Traveling with a photographer is like walking next to a luggage rack, one saddlebag short of a pack mule. Daily attire: a vest full of gadgets, a camera dangling from the neck, a waist pack of documents, and a colossal bag filled with gear strapped to the shoulders. He wonders where the back pain comes from.

As a drummer, I don't mind the clicks and cranks of camera handling because there is a faint percussive element to taking pictures. I can disregard the abrupt stops in the middle of the highway or the invasive telescopic lens blocking the salt and pepper. However, the smell of some toxic solution attacking the only potential quality rest I'll see for days is the metaphorical last straw.

The motel room is turned into a pseudo photo lab. The coat rack becomes a makeshift laundry line of negatives drying, the sink doubles as a mixing station, and the bathroom conveniently morphs into a darkroom. Towels are used to block out light, water bottles are filled with chemicals, and the dresser converts to a cutting surface. No matter how hard I try, I can't make the sound of water rinsing film a soothing pond dribble.

The photo lab is running on all cylinders. Instead of falling into some deathlike sleep, I watch TV in the dark, captivated by some new show on what else? Celebrity photographers.
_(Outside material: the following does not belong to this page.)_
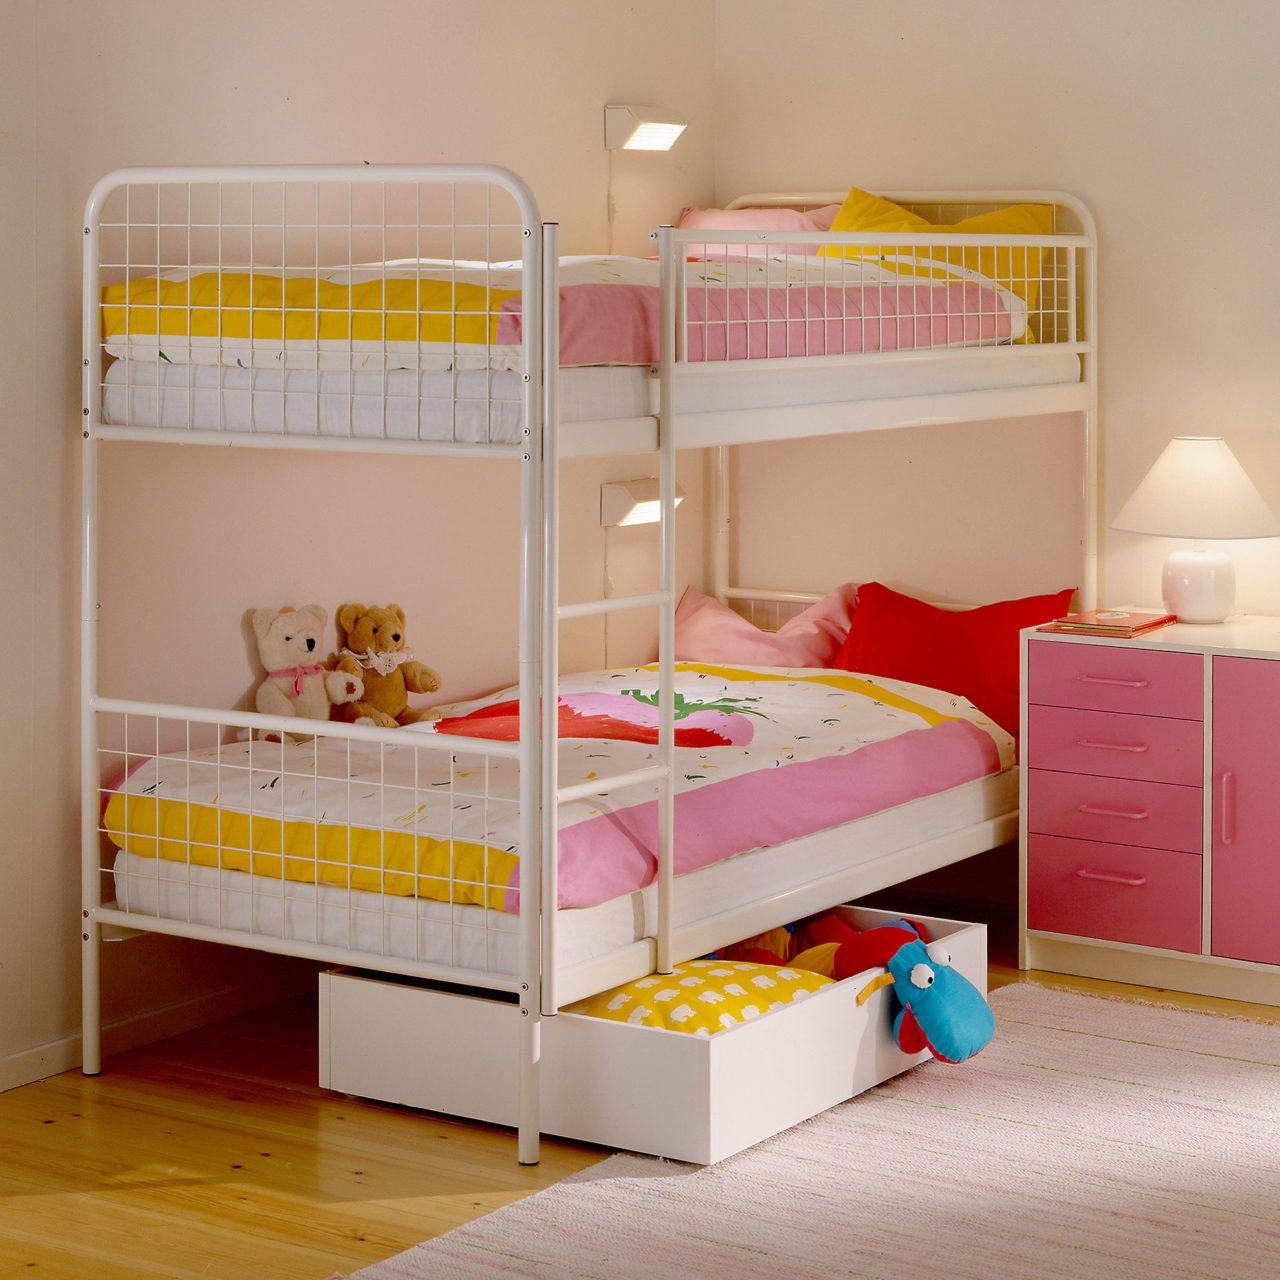 Cuarto infantil: litera MALM recogida, muebles y diversos detalles, todo ello en color rosa, amarillo y blanco.

Keep in mind that I can't use the bathroom and my bladder is hypnotized by the rinsing sound. Yet, whistling around the room like a happy dwarf, my photographer friend works into the wee hours of night.

So if you can't beat them, tag along like an annoying, inquisitive child. Class starts at midnight. Believe me, as an observer, the reward is not in the process but rather in the end result. Developing film is like data entry, methodical and precise, oh, and boring. It is work. While I enjoy the remaining comforts of the room, he works, racing against the clock of check-out time.

This element of photography is dying out. We live in a technological world, and we are all technological boys and girls. Yet there couldn't be a better example of craftsmanship. Watching the lifeless film transform into memories is like watching a blacksmith mold a piece of rough steel into a fine horseshoe.